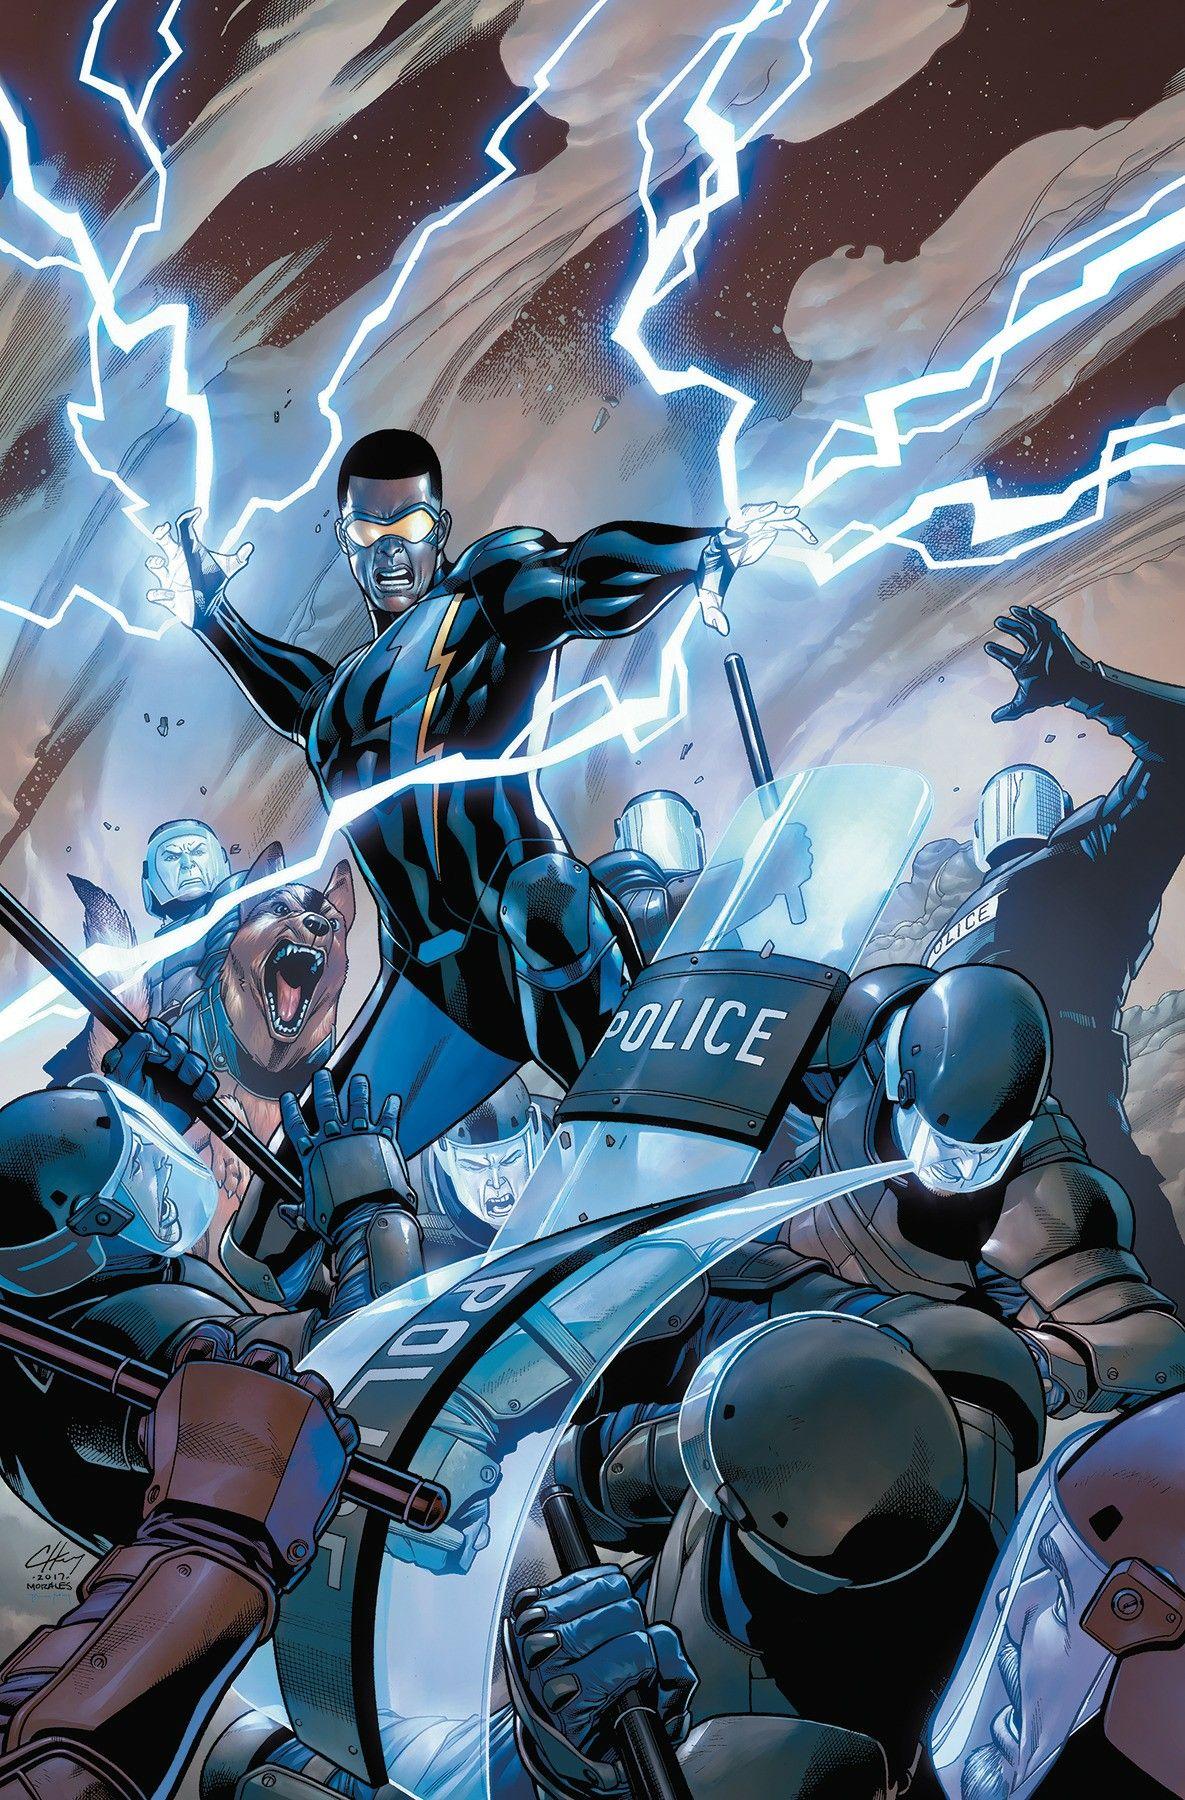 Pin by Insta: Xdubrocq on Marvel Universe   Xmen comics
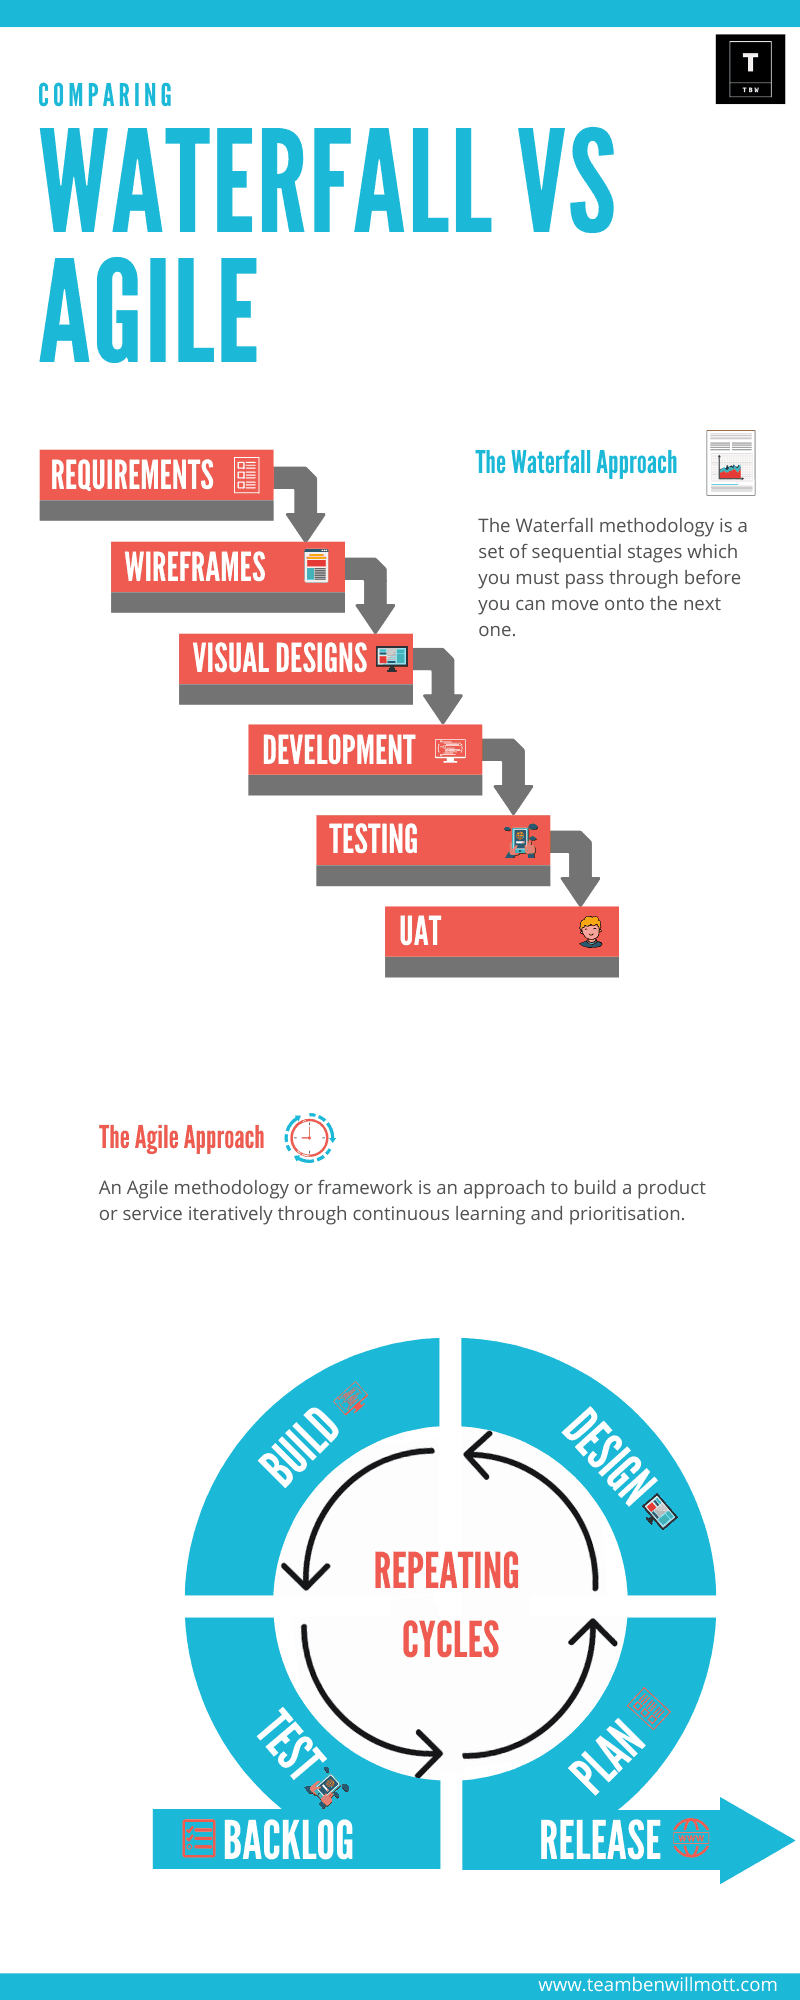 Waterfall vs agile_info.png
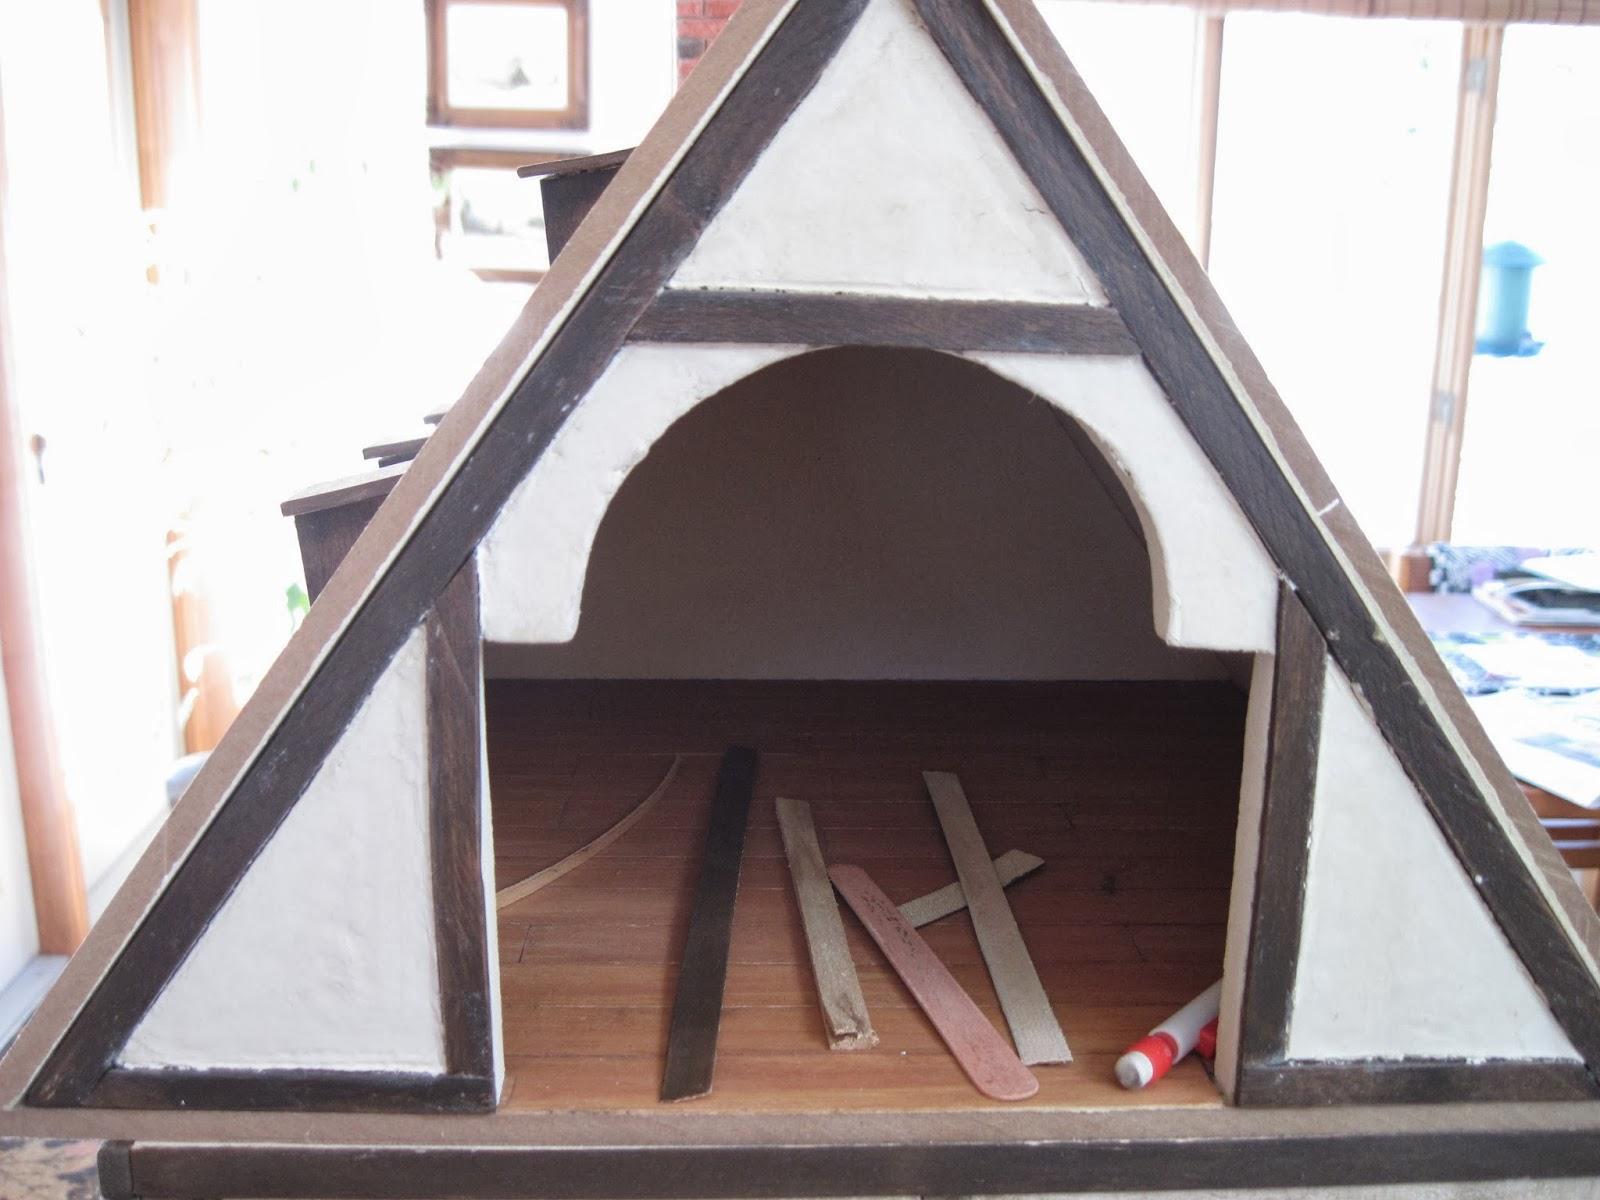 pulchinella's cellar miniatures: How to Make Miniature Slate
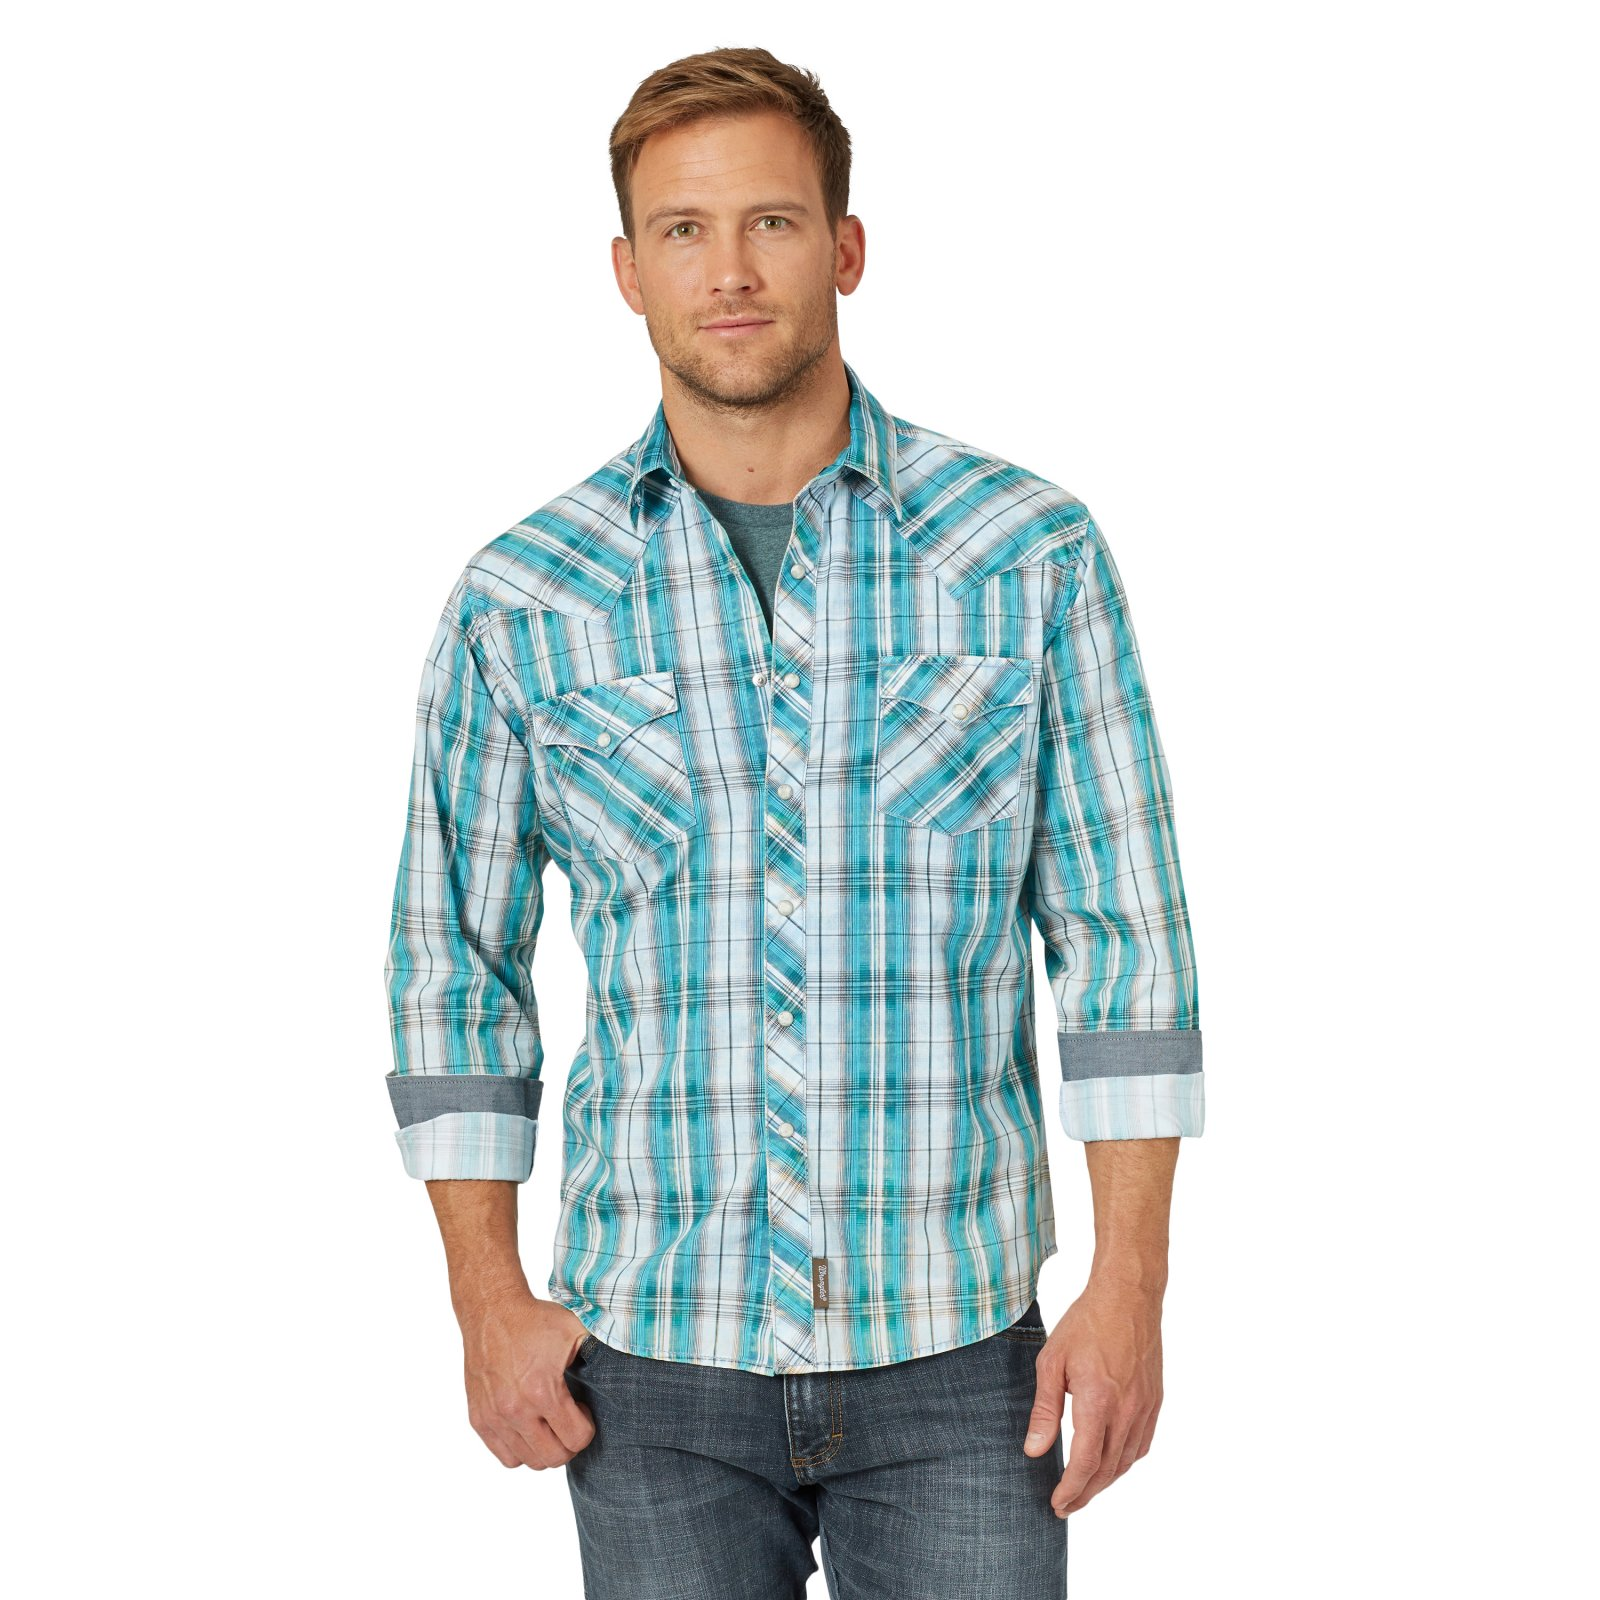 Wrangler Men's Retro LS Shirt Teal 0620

• **EXERCISE INSTRUCTIONS**
Give back the whole of the material exactly, with the pictures removed.

• **RESPONSE BOX**
 Pin by Insta: Xdubrocq on Marvel Universe   Xmen comics
 Waterfall vs agile_info.png
 pulchinella's cellar miniatures: How to Make Miniature Slate
 Wrangler Men's Retro LS Shirt Teal 0620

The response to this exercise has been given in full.